- Source data
++++++

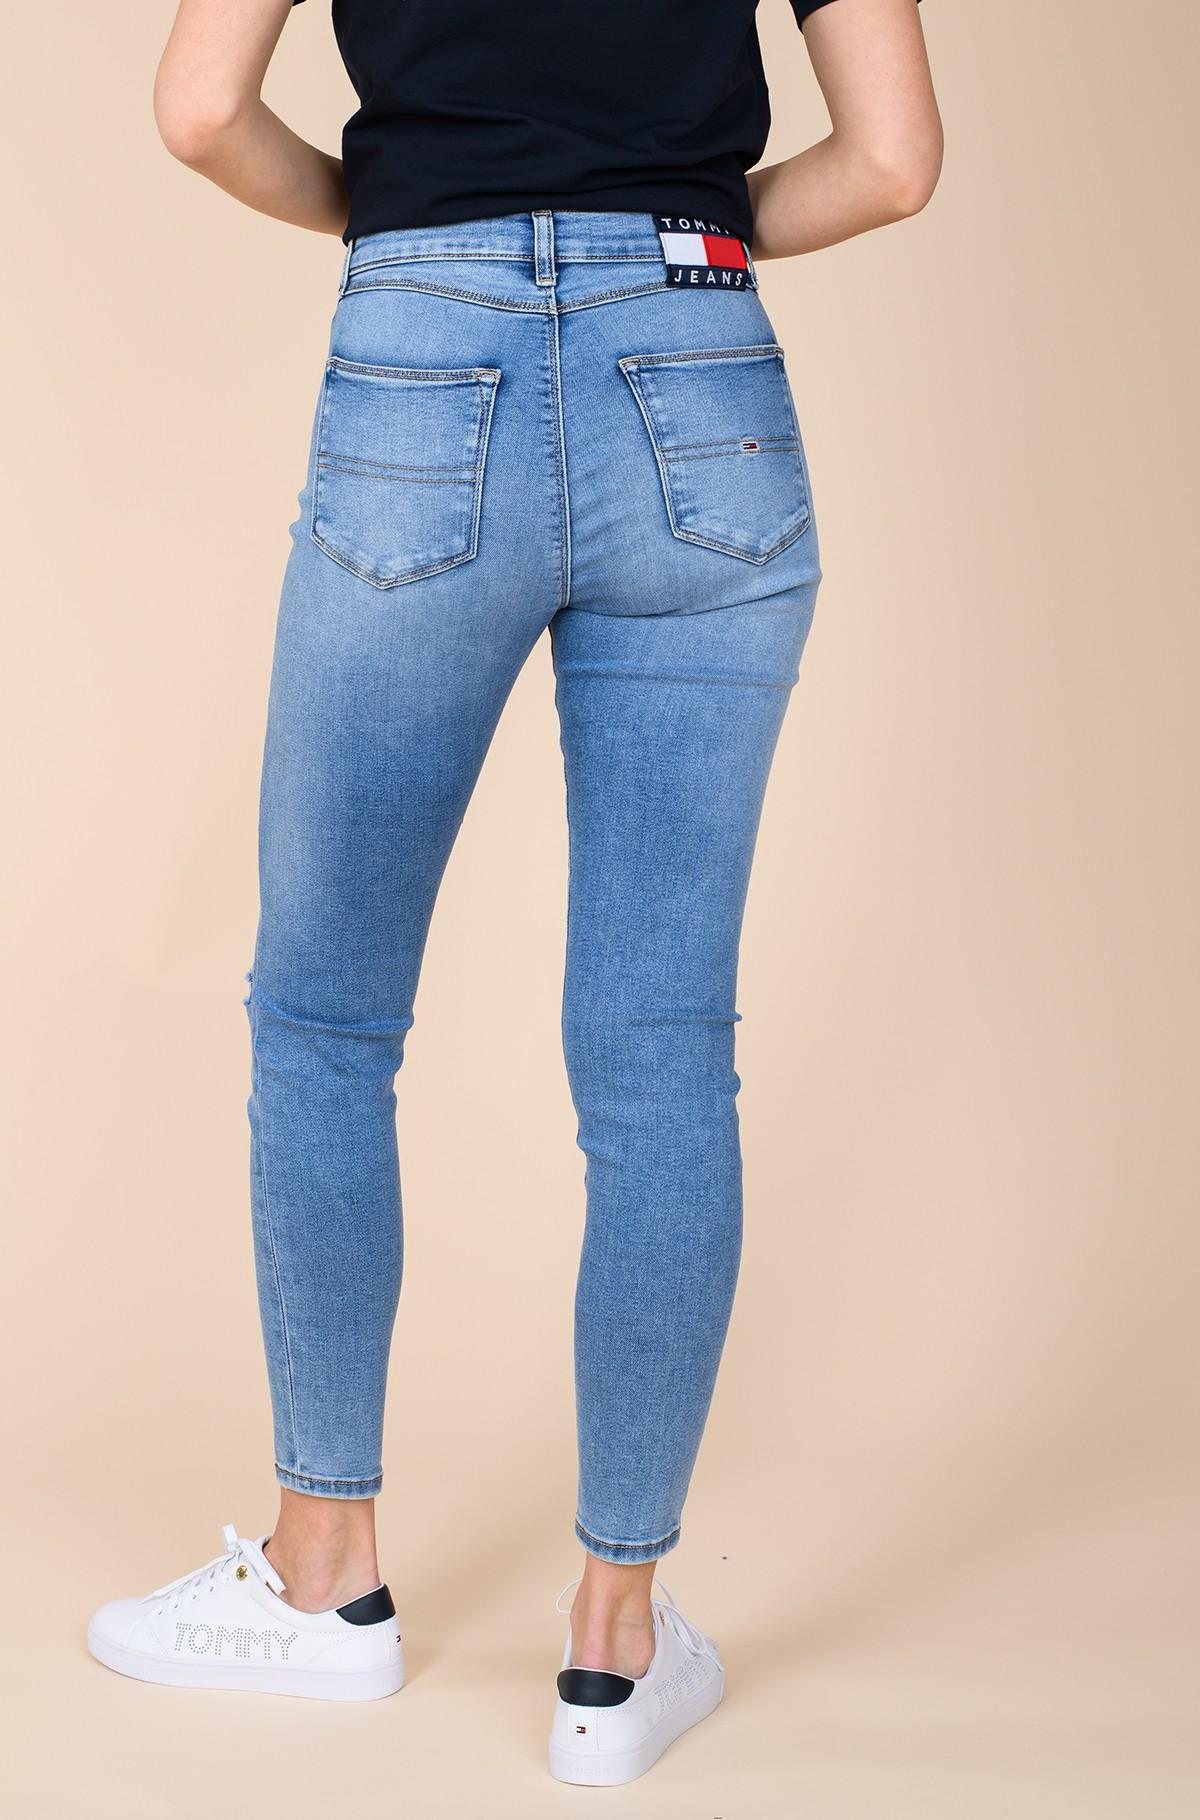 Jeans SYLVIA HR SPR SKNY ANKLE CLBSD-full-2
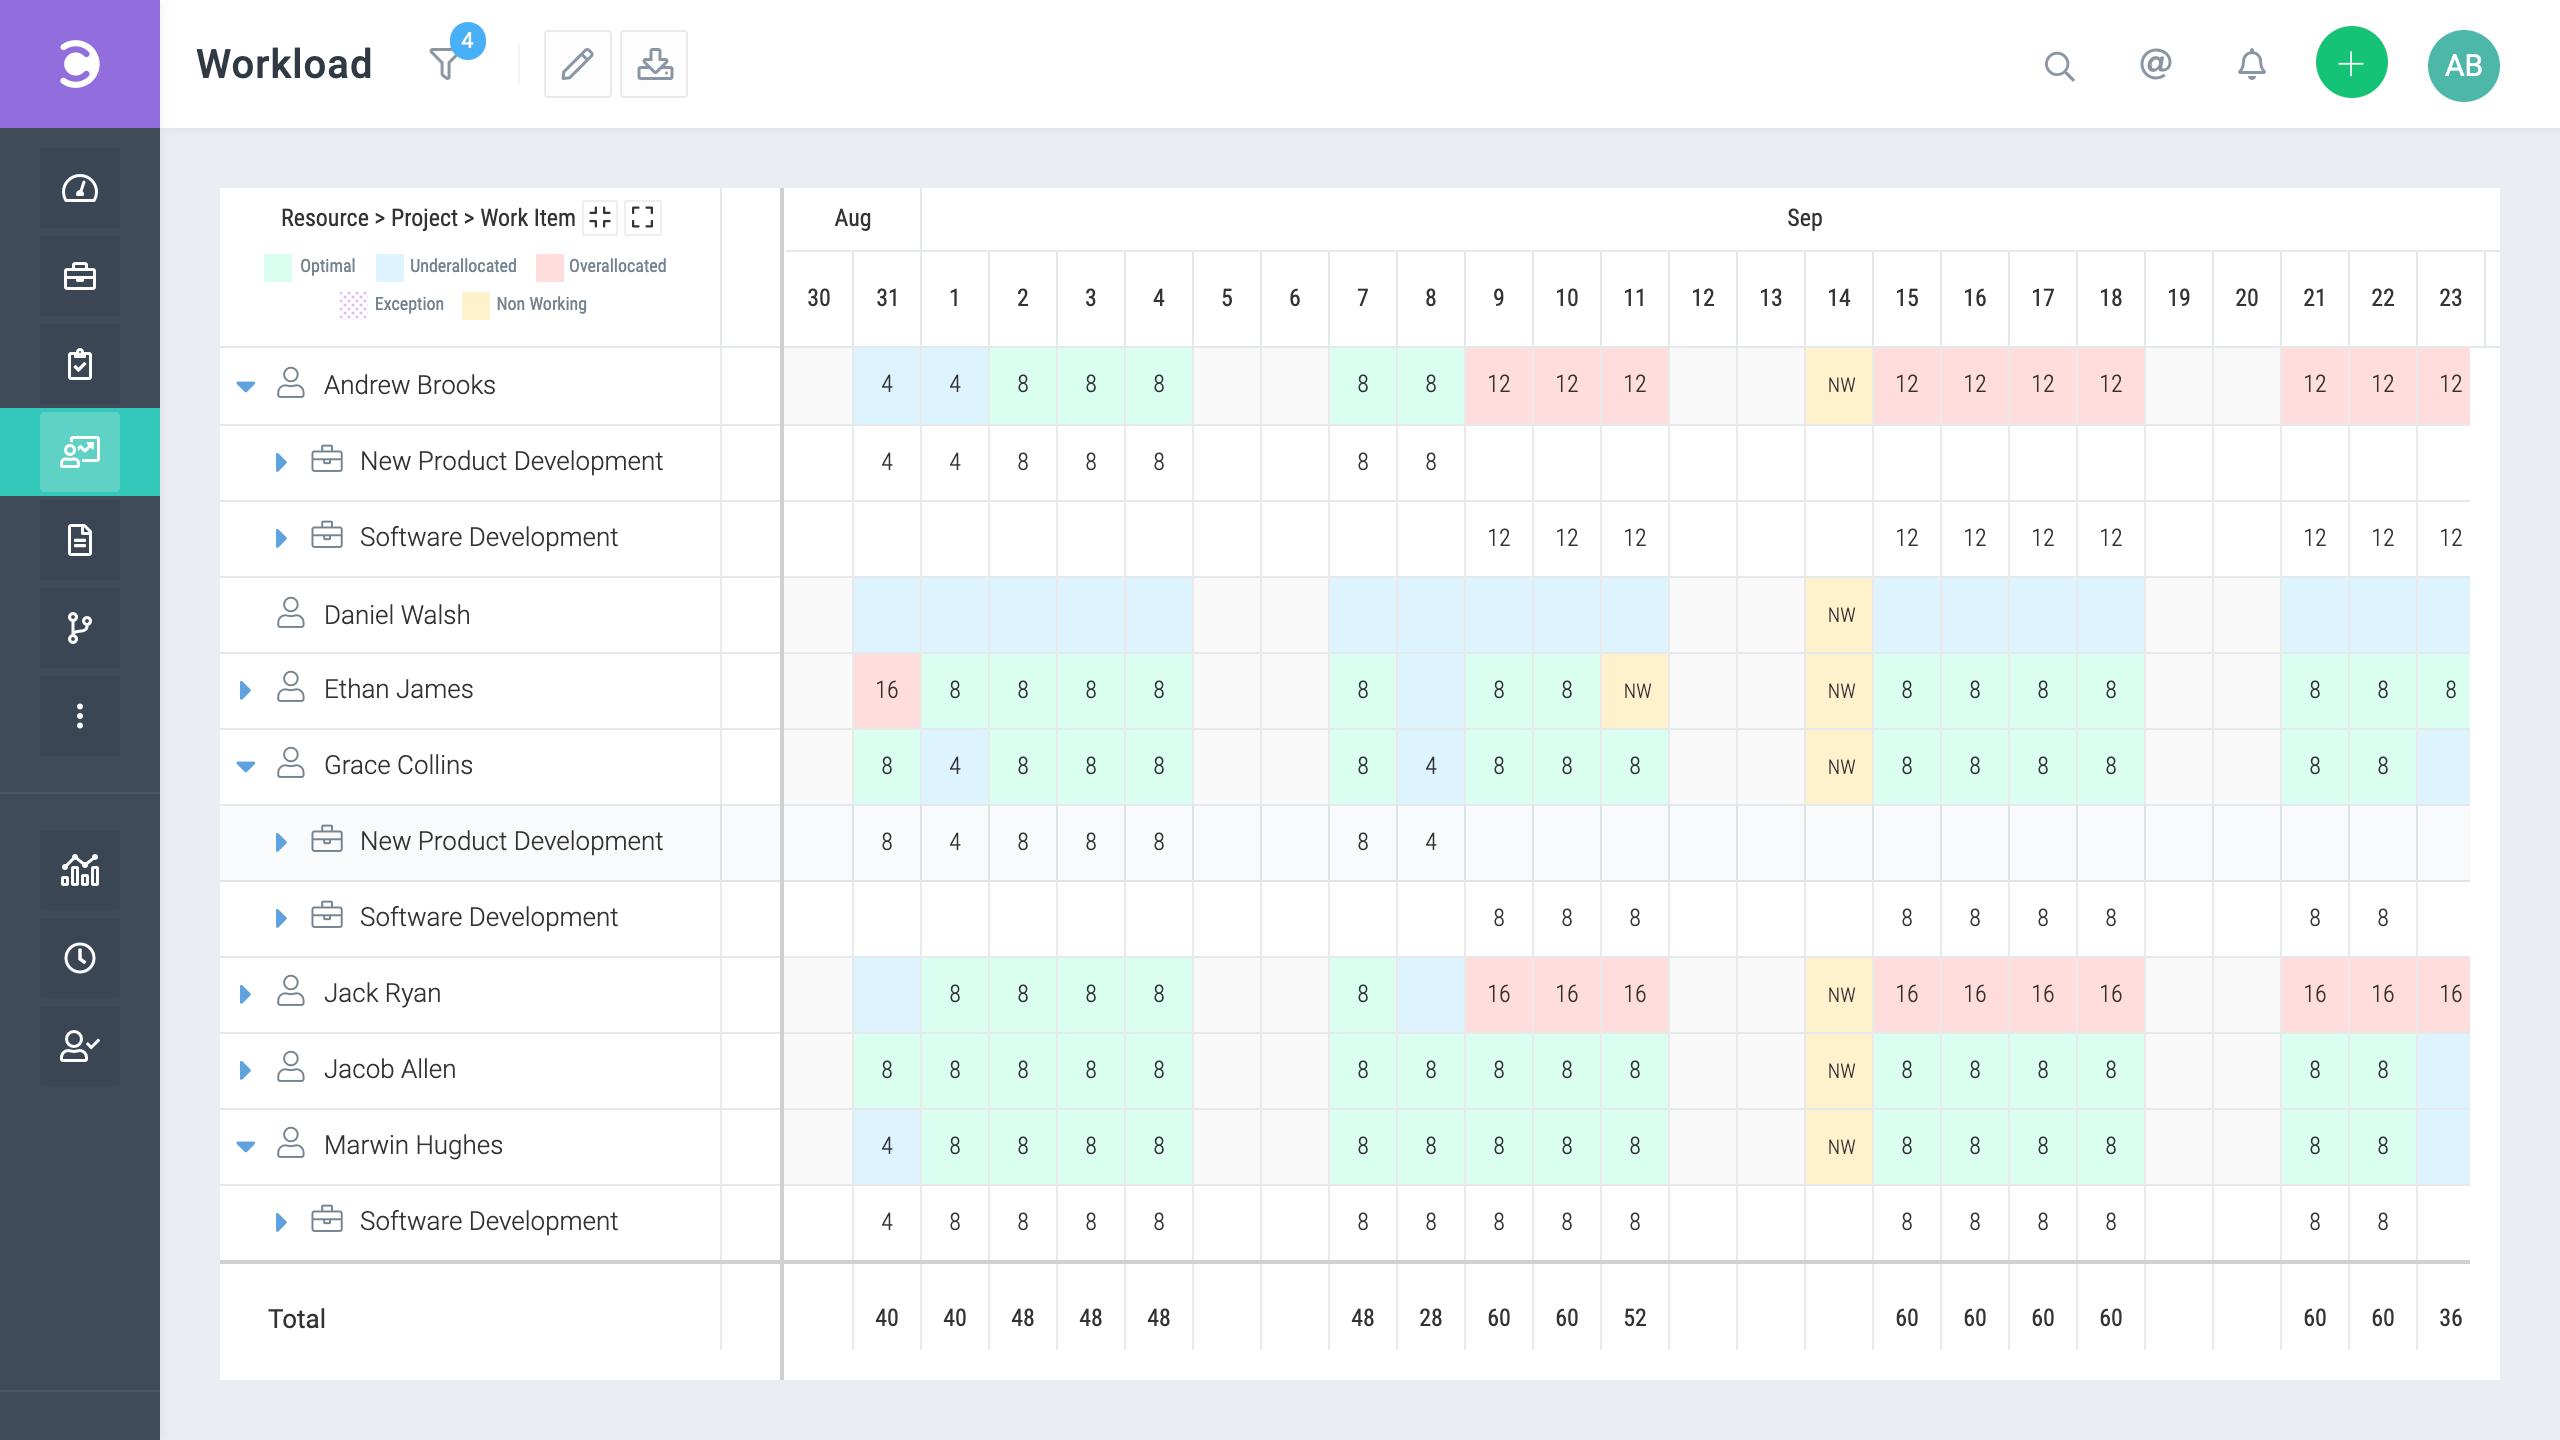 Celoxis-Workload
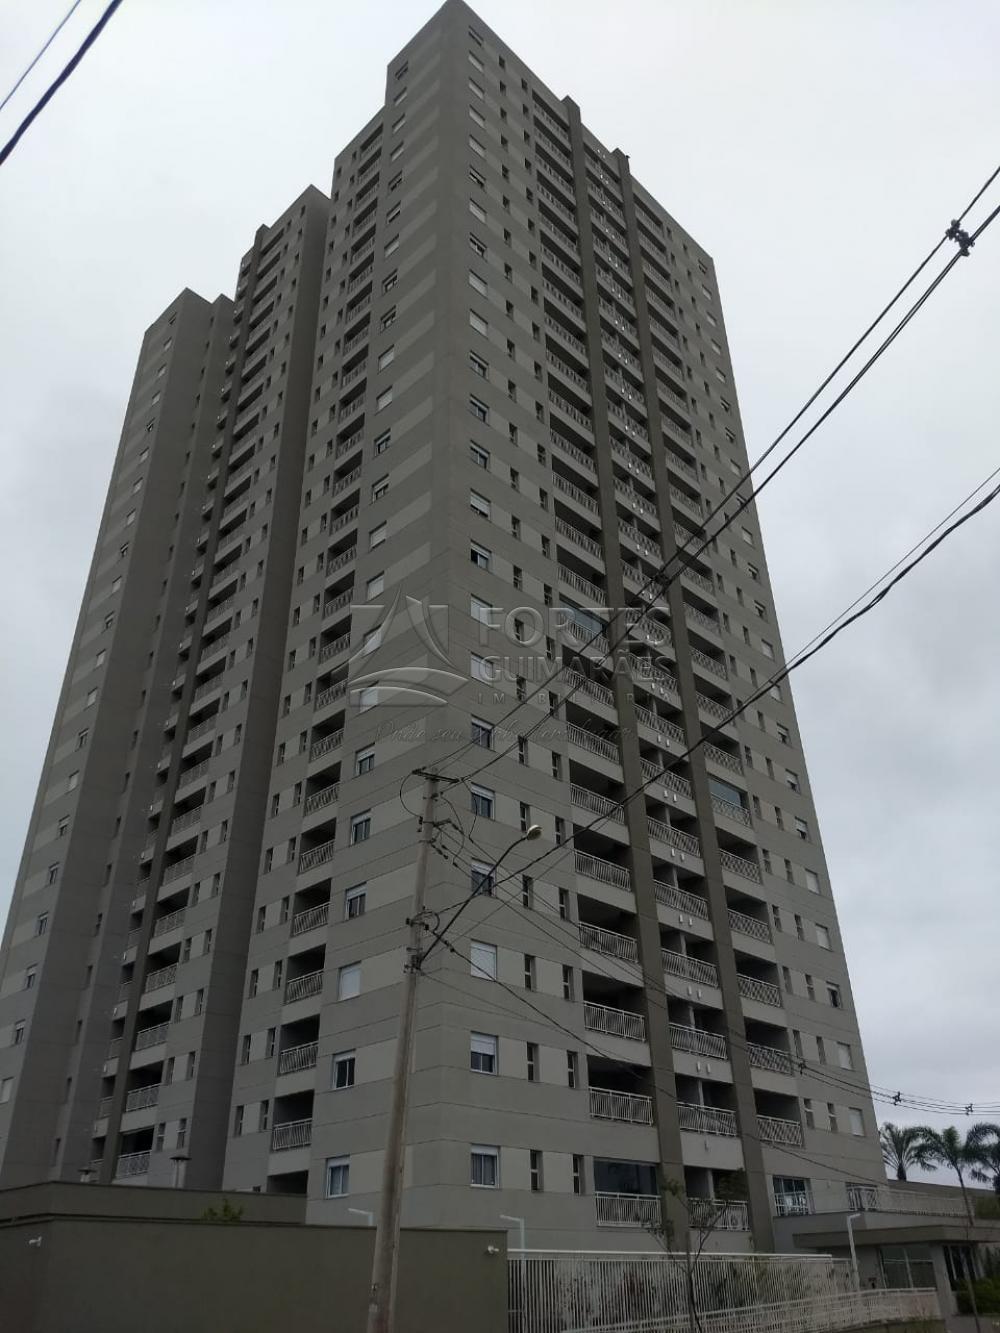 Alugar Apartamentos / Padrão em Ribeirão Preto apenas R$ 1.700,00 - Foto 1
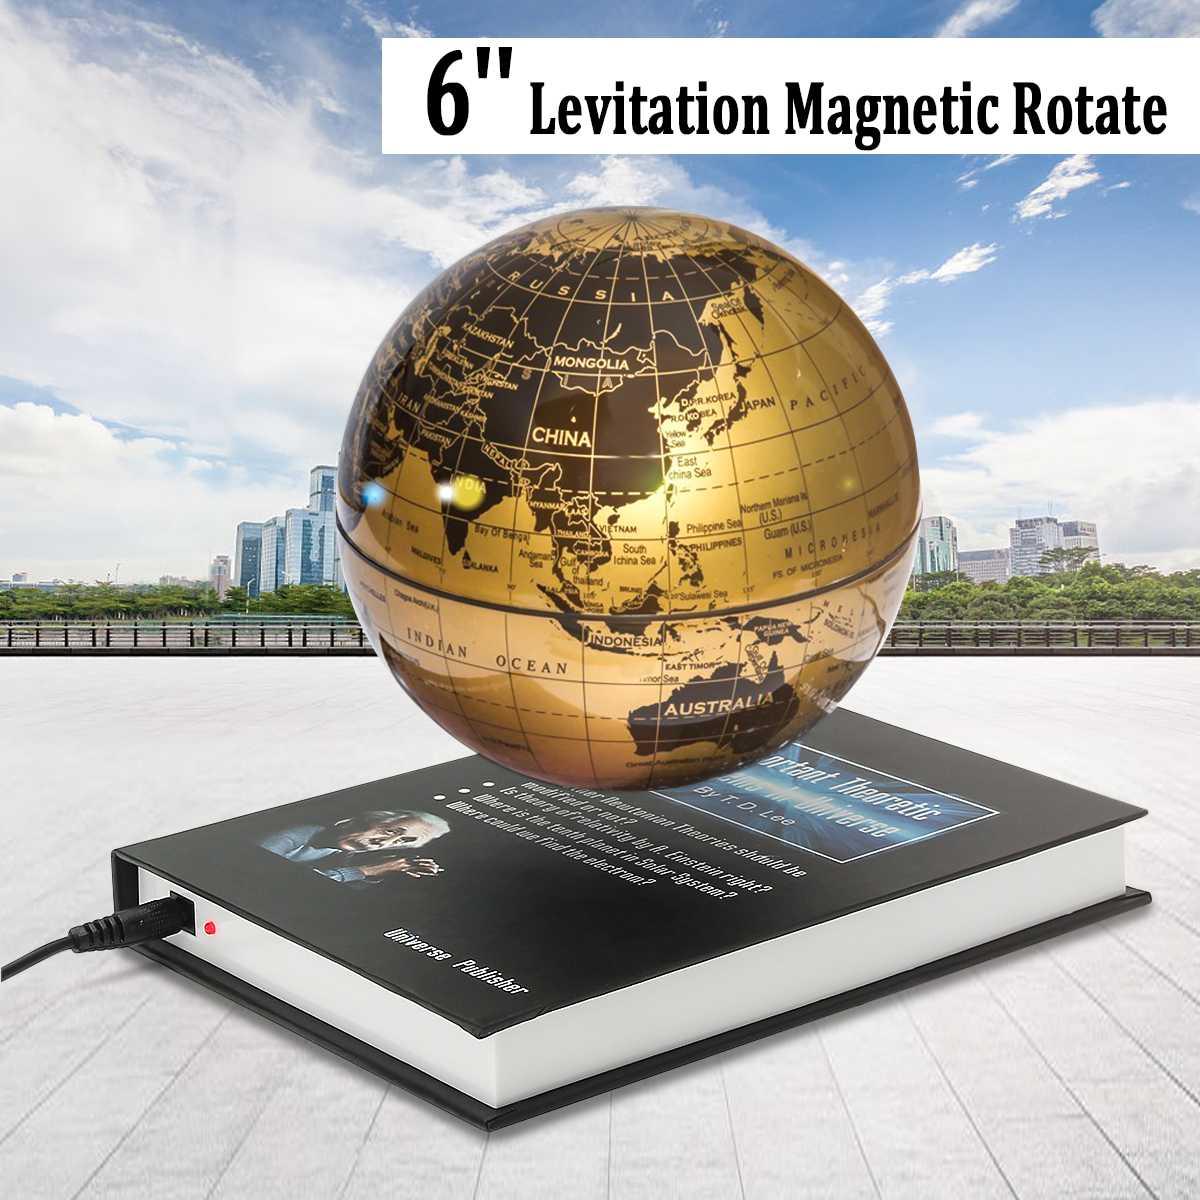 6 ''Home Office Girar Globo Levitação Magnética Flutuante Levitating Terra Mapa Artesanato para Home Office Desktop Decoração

++++++

- Assigned task
What you write must match, line for line, the lines from the one with "Celoxis-Workload" through the last line of the data above, minus the pictures.

- Result
 Celoxis-Workload
 Alugar Apartamentos / Padrão em Ribeirão Preto apenas R$ 1.700,00 - Foto 1
 6 ''Home Office Girar Globo Levitação Magnética Flutuante Levitating Terra Mapa Artesanato para Home Office Desktop Decoração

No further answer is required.